Largest Confederate monument in US set to be removed this week
There are 2,100 confederate statues still standing in the US
The largest remaining confederate statue in the US is being torn down on Wednesday after standing in Richmond, Virginia, for more than 130 years.
Though the statue's future is currently uncertain, a crew is set to remove the 12-ton statue of American Confederate general Robert E. and store it in a state-owned facility until further plans are arranged.
"Virginia's largest monument to the Confederate insurrection will come down this week," Democratic Virginia Governor Ralph Northam said in a statement. "This is an important step in showing who we are and what we value as a commonwealth."
After the murder of George Floyd in 2020, US officials have begun to address a long history of systemic racism. That has included removing symbols of confederacy being removed.

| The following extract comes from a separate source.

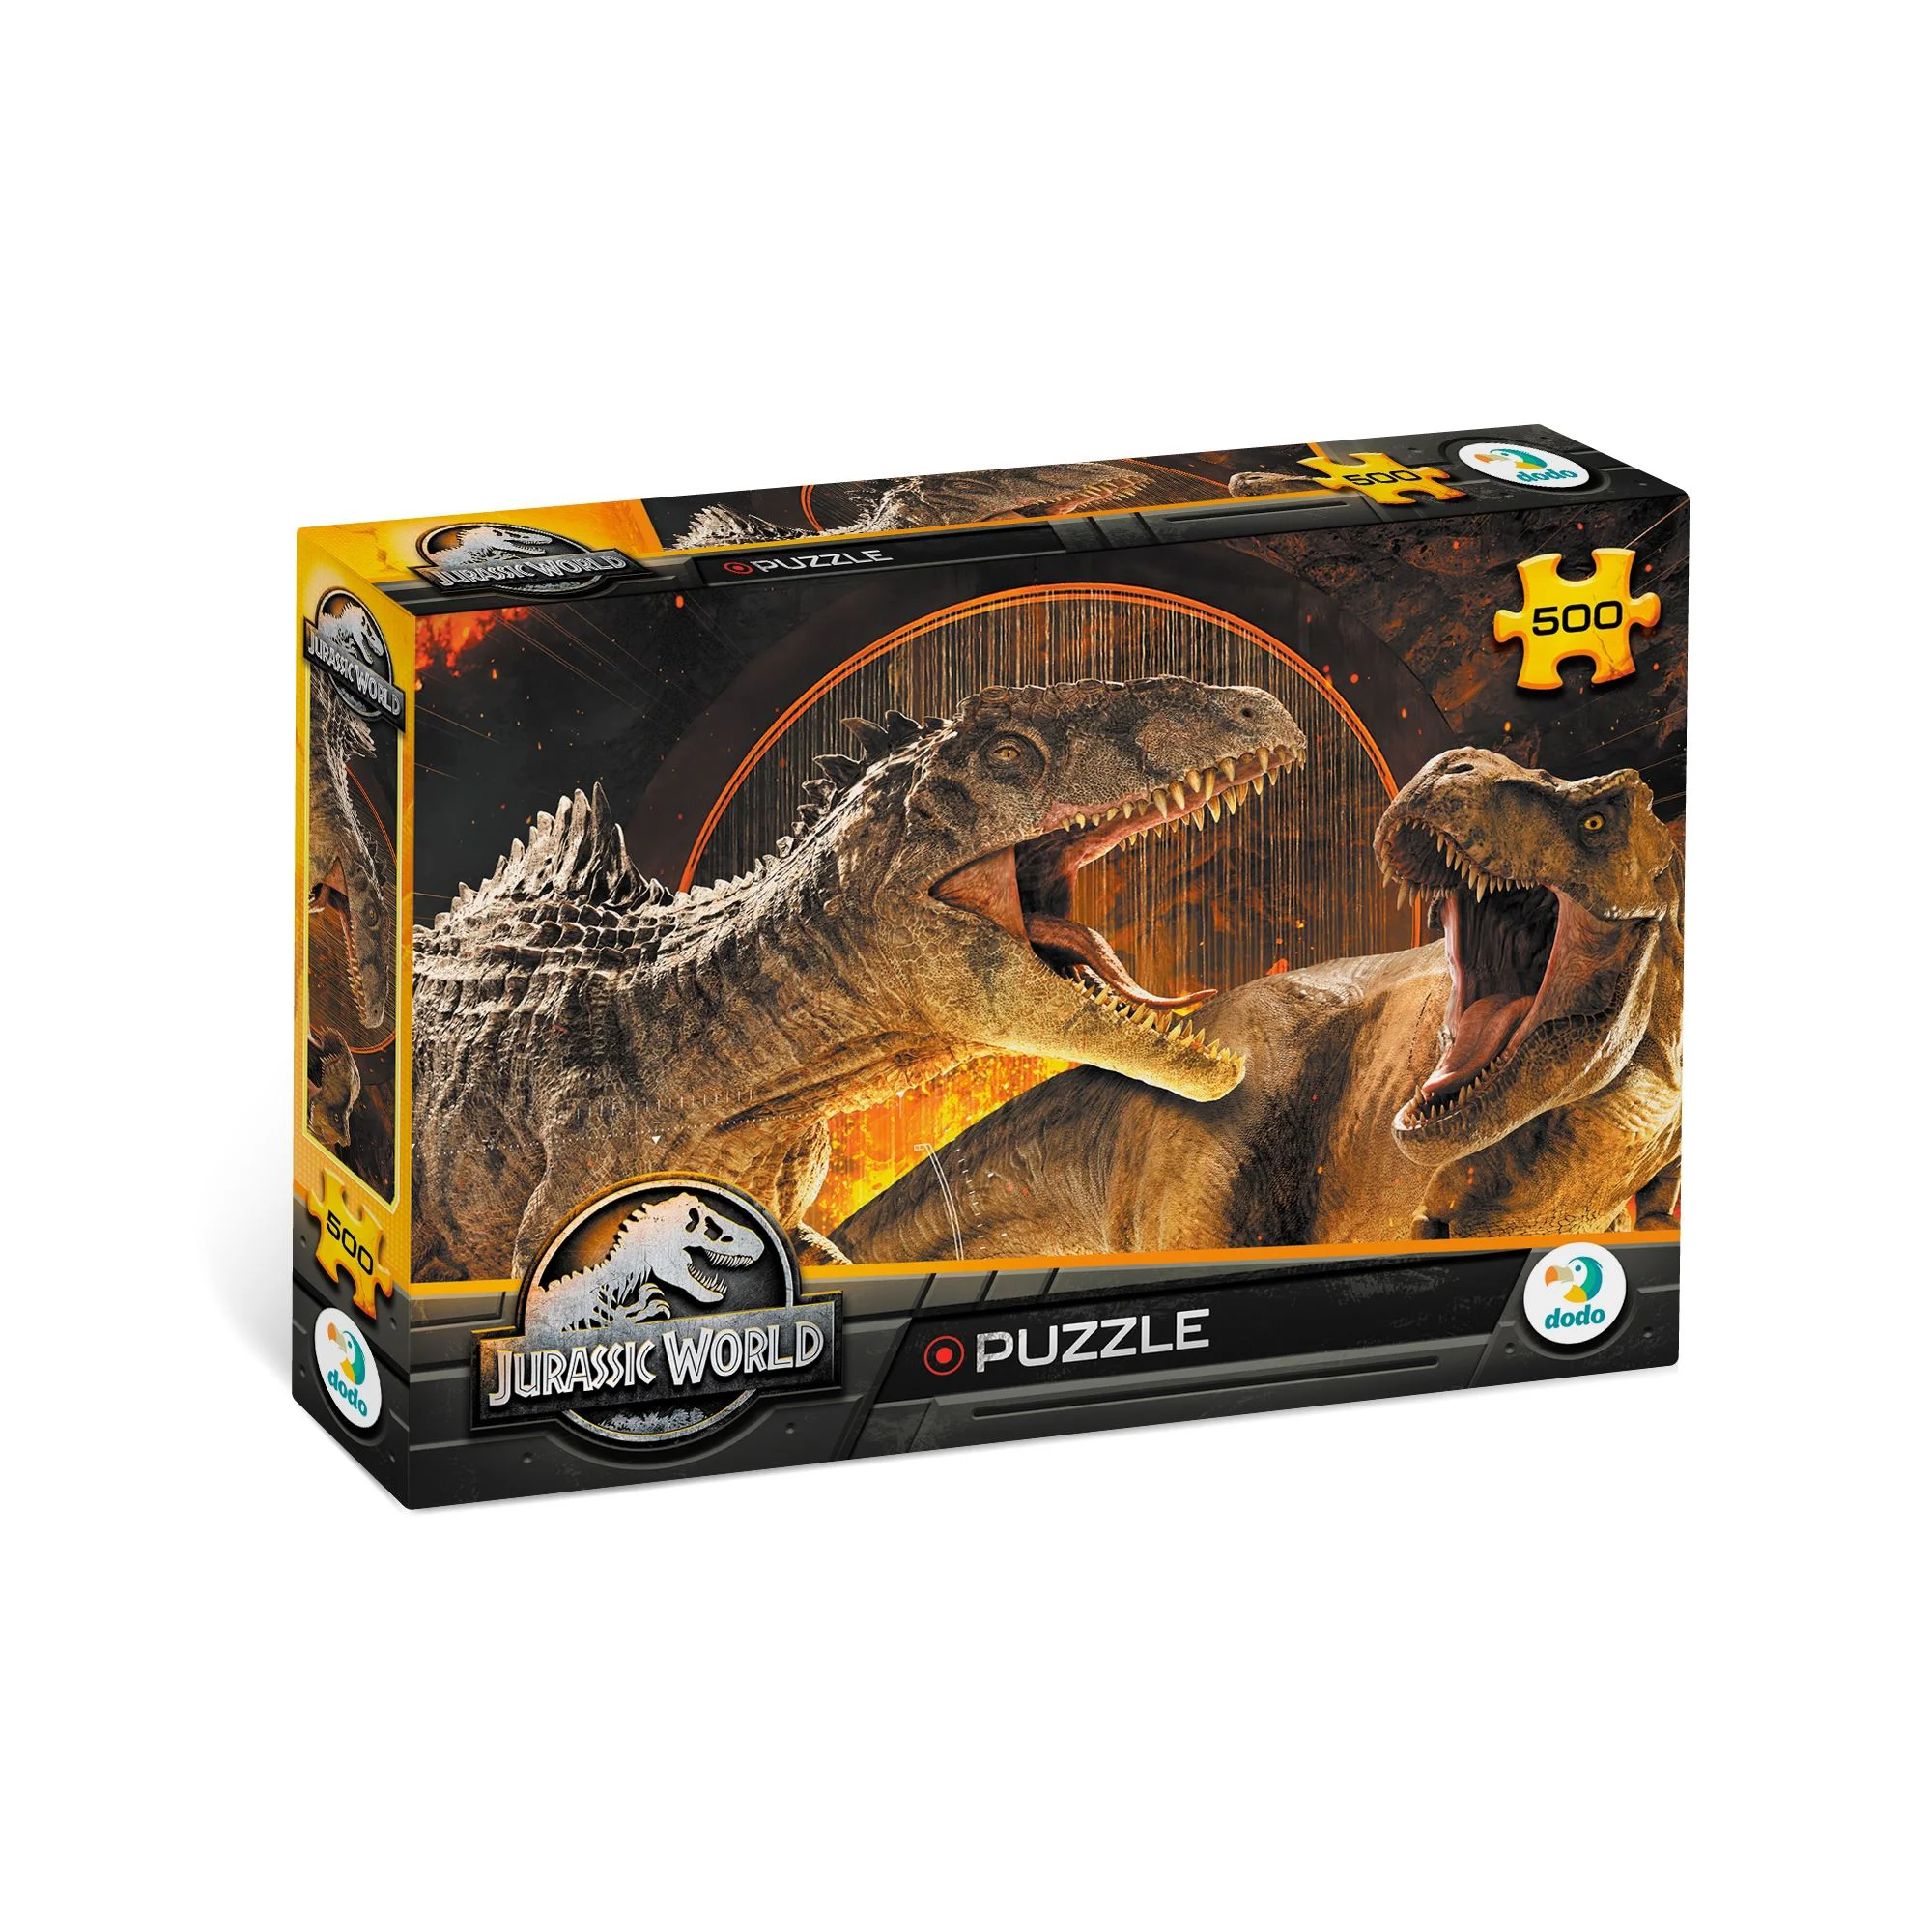 Puzzle cu efect soft touch Dodo Jurassic World Dominion, 500 el.

According to the Southern Poverty Law Center, 160 Confederate symbols have been removed since 2020, but 2,100 are still publicly present in the US, some 704 are monuments.
Northam had originally sought to remove the statue last year but faced legal challenges from a descendant of the family who gave the statue to the state. Some local families were also against the move, but the Supreme Court of Virginia ruled in the governor's favour.
The 40-foot granite pedestal that the statue usually sits on will be left for the time being. The City of Richmond and the Virginia Department of Fine Arts will work to "reimagine Monument Avenue," to be a better representation of the state.
"Richmond is no longer the capital of the confederacy," Richmond Mayor Levar Stoney said in a statement. "We are a diverse, open, and welcoming city, and our symbols need to reflect this reality."